A quick chat with Allen Yeh (associate professor of intercultural studies), contributor to Still Evangelical?: Insiders Reconsider Political, Social, and Theological Meaning (IVP Books, 2018).
Q: What would you say to a believer who no longer wants to be identifed as an evangelical because of the word’s baggage?
A: Don’t let the abuse of the word obscure its original meaning. Euangelion is the Greek word for the gospel. The “evangel” is about the Good News. Secondly, until there is a better word to take its place, we cannot dispense with it functionally. It is halfway between “Christian” (which is too broad) and a denominational label like “Baptist” or “Presbyterian” (which are too narrow). “Evangelical” provides a middle-level identifer where you know that the person believes in: the Bible as the supreme authority; the necessity of mission, which includes being born again spiritually; and the centrality of the cross.
Q: How does a more global perspective help American evangelicals understand evangelicalism?
A: If we believe in mission, then we must believe that people of all races, nations and cultures are children of God and ought to worship Jesus. It is ironic, then, that there is often such ethnocentrism among American evangelicals. Every culture in the world sees different characteristics of God (which is not relativism), and only together can we understand him more fully. This is why we have four Gospels: we need multiple people and cultures to testify about Jesus.

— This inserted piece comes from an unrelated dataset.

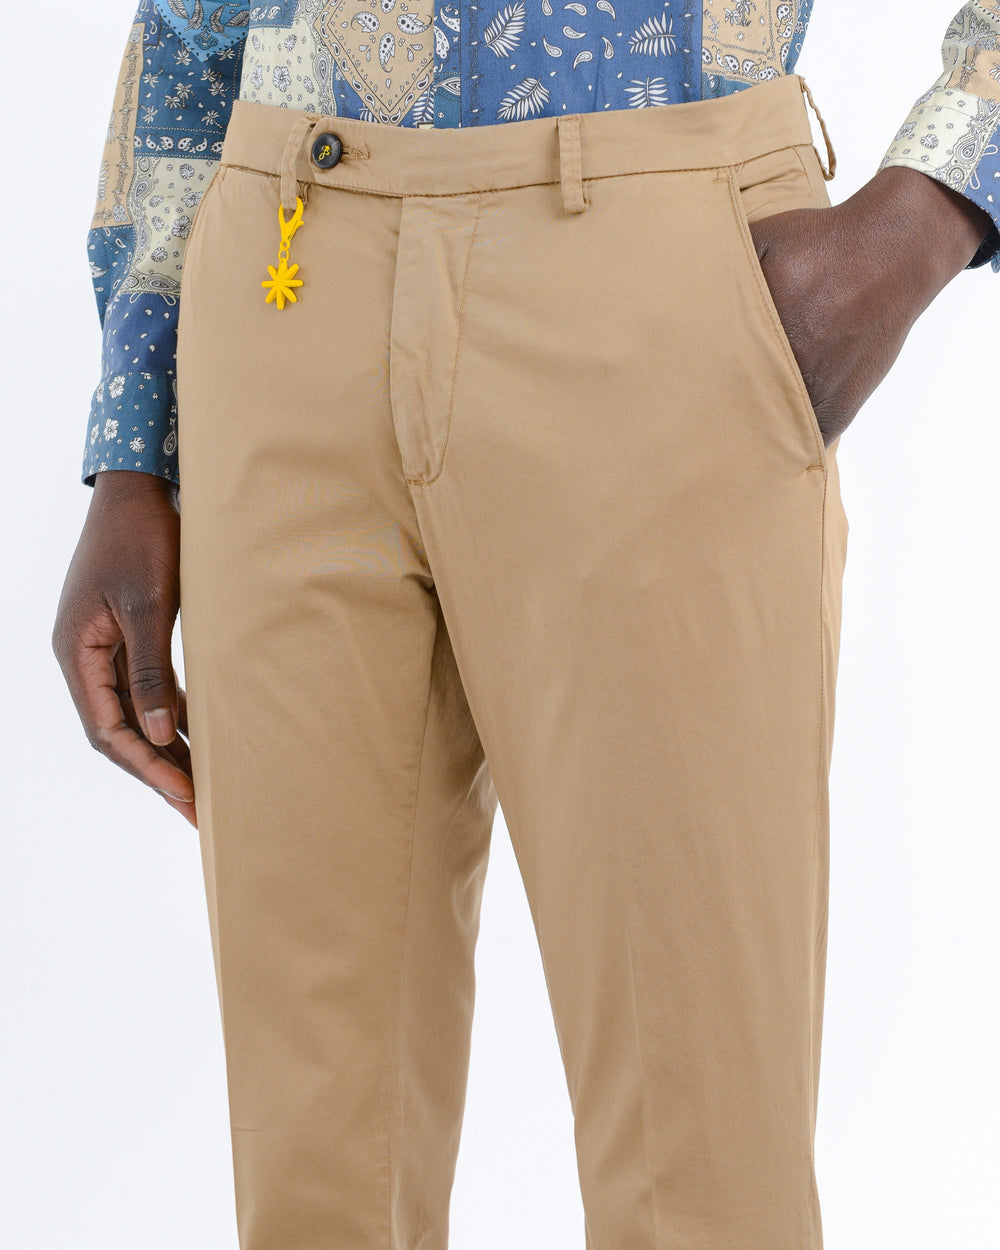 Pantalone slim tinto capo in cotone stretch beige
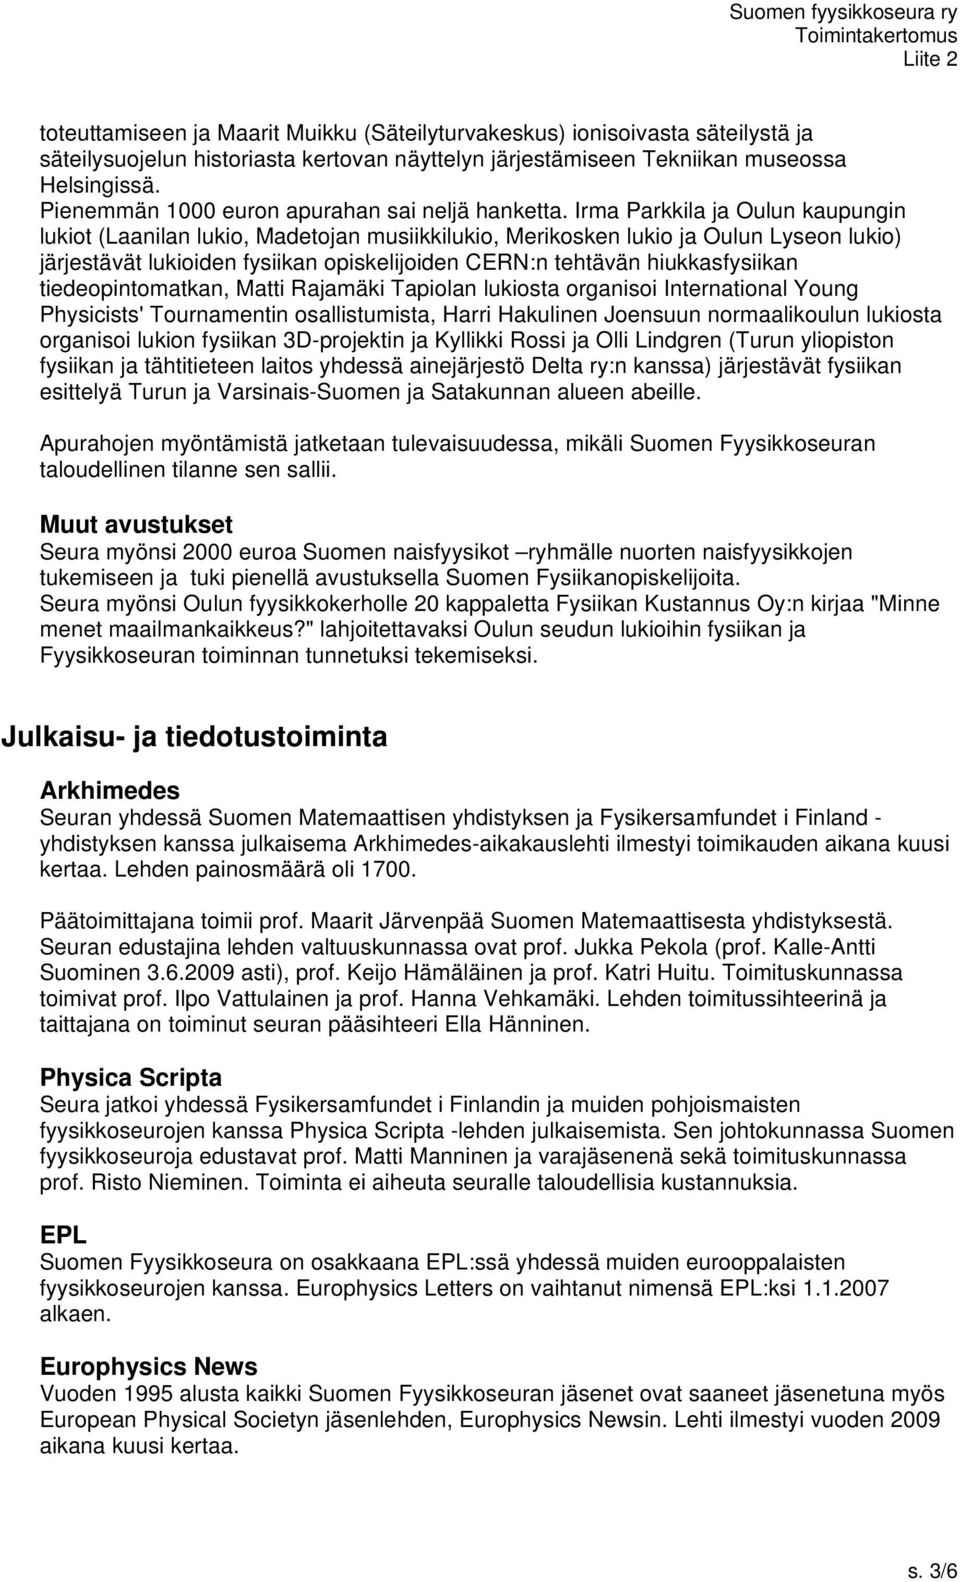 Irma Parkkila ja Oulun kaupungin lukiot (Laanilan lukio, Madetojan musiikkilukio, Merikosken lukio ja Oulun Lyseon lukio) järjestävät lukioiden fysiikan opiskelijoiden CERN:n tehtävän hiukkasfysiikan

Q: As you read the other pieces in Still Evangelical?, which perspective impacted you the most?
A: I like Soong-Chan Rah’s chapter, “Evangelical Futures,” which tries to find hope in the future. We have a tendency to feel like everything is always getting worse, but perhaps a multiethnic/multicultural future of American evangelicalism is where we are headed, and I think that looks and sounds a lot like heaven!